Extractables validation. The next step was to quantify the level of any compounds that might be extracted from the fluid contact materials, specifically after they have undergone gamma irradiation. Again, a gamma irradiation >40 kGy was used as a worst case. First, each component used in the disposable assembly was extracted individually, thereby allowing for the identification of the "dirty" components (i.e., those that were contributing most to the total extractables level). To quantify the amount of organic material that was extracted, total organic carbon (TOC) analyzers were used. The length of time that the materials were allowed to soak, along with other factors such as temperature and extracting solution, determined the amount of material that was extracted. Figure 3 shows the TOC results for multiple components extracted using three different model solutions.

Figure 3

Analytical techniques that can identify a specific "fingerprint" for each component extracted are available. This fingerprint then can be used to find the origin of the extractables from the entire assembly. Each of the extracted species can be identified using methods such as high-performance liquid chromatography, Fourier transform infrared spectroscopy, liquid chromatography–mass spectrometry, gas chromatography–mass spectrometry, or any combination of these methods. Although the process can be time consuming and difficult, it can greatly facilitate leachables identification in the final drug products.
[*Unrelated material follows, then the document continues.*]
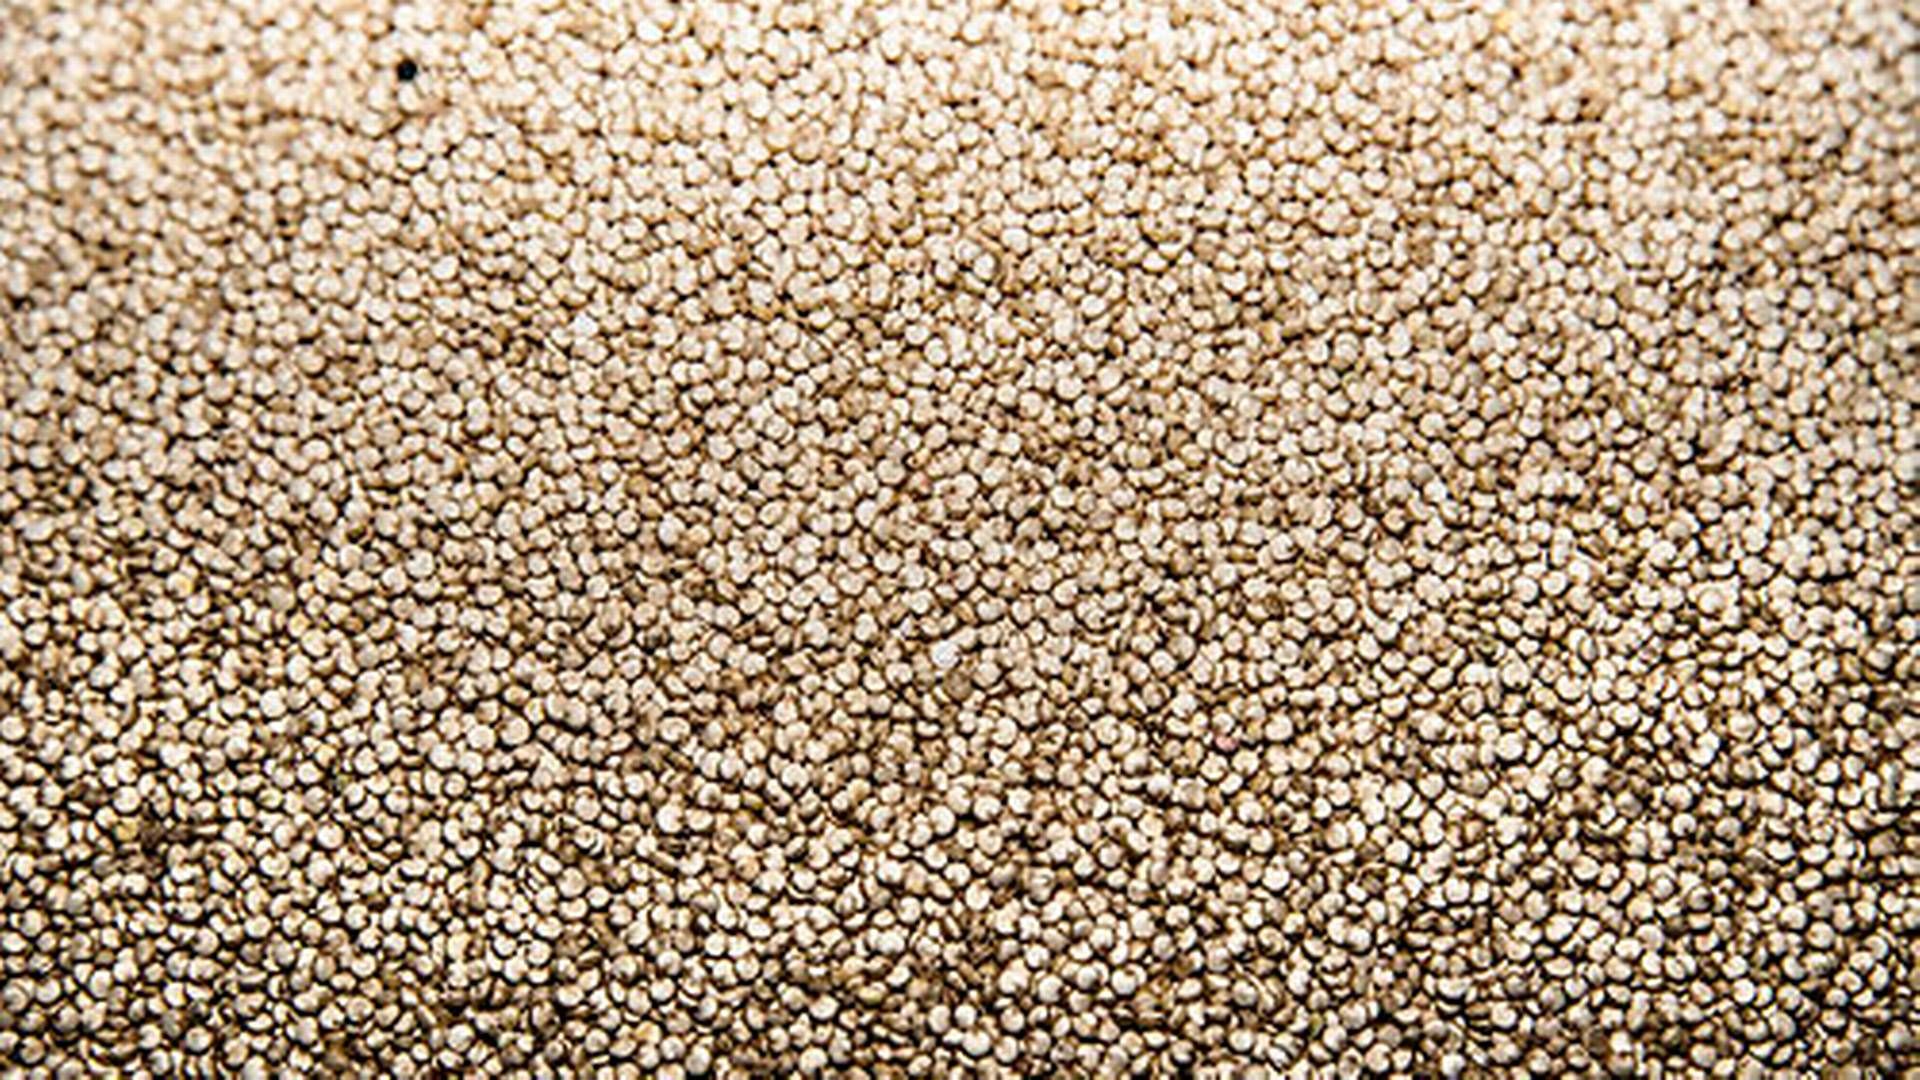 Dansk quinoa har vist sig svært at afsætte. | Foto: Ida Guldbæk Arentsen/Ritzau Scanpix

After materials were chosen for the disposable module, the final disposable module was tested for extractables. Because disposables of different sizes contain different amounts of each material, multiple lots that cover the range of sizes available needed to be tested. The modules with the dirtiest material, which were identified during the individual component tests, were expected to have the highest levels of extractables. In addition, as previously mentioned, the length of time that the solution remained in the disposable was critical in determining the level of extractables. Figures 4a and 4b show the results of 5- and 60-min static soaks, respectively, and extraction results from pre- and postgamma-irradiation modules. These two figures show higher TOC levels resulting from longer extraction times and gamma irradiation. These results were expected because the degradation of polymeric material, even if only slight, and the longer extraction time allowed more material to migrate into the test fluid. The higher TOC levels for disposable module #500 result from the greater presence of a dirty component, Tubing C in Figure 3.

Figure 4

One aspect of the extractables profile that is most important to a pharmaceutical manufacturer is the amount of contaminate being leached into the final product. To minimize contaminant leachage, the disposable modules must be tested in a dynamic situation in addition to being tested in the static conditions described previously. The disposable modules were installed and run using a model fluid, 18-MΩ water in this case. The filling system was turned on, and dispenses were collected periodically. Because of minimum sample-volume limitations on the analytical instruments, and depending on the dispense volume, multiple dispenses were collected in the same container, resulting in an average TOC count for all of the samples collected. Figure 5 shows the results for different lengths of time that the liquid was allowed to sit before dispensing was started. As would be expected from the static soak testing, the longer the fluid stayed in the module, the higher the starting extractable levels. After one hour of running, the dispense system was shut down for various lengths of time and then restarted. Again, the longer the shut-down period, the higher the starting extractable levels. The former levels, however, were not nearly as high as the initial starting values.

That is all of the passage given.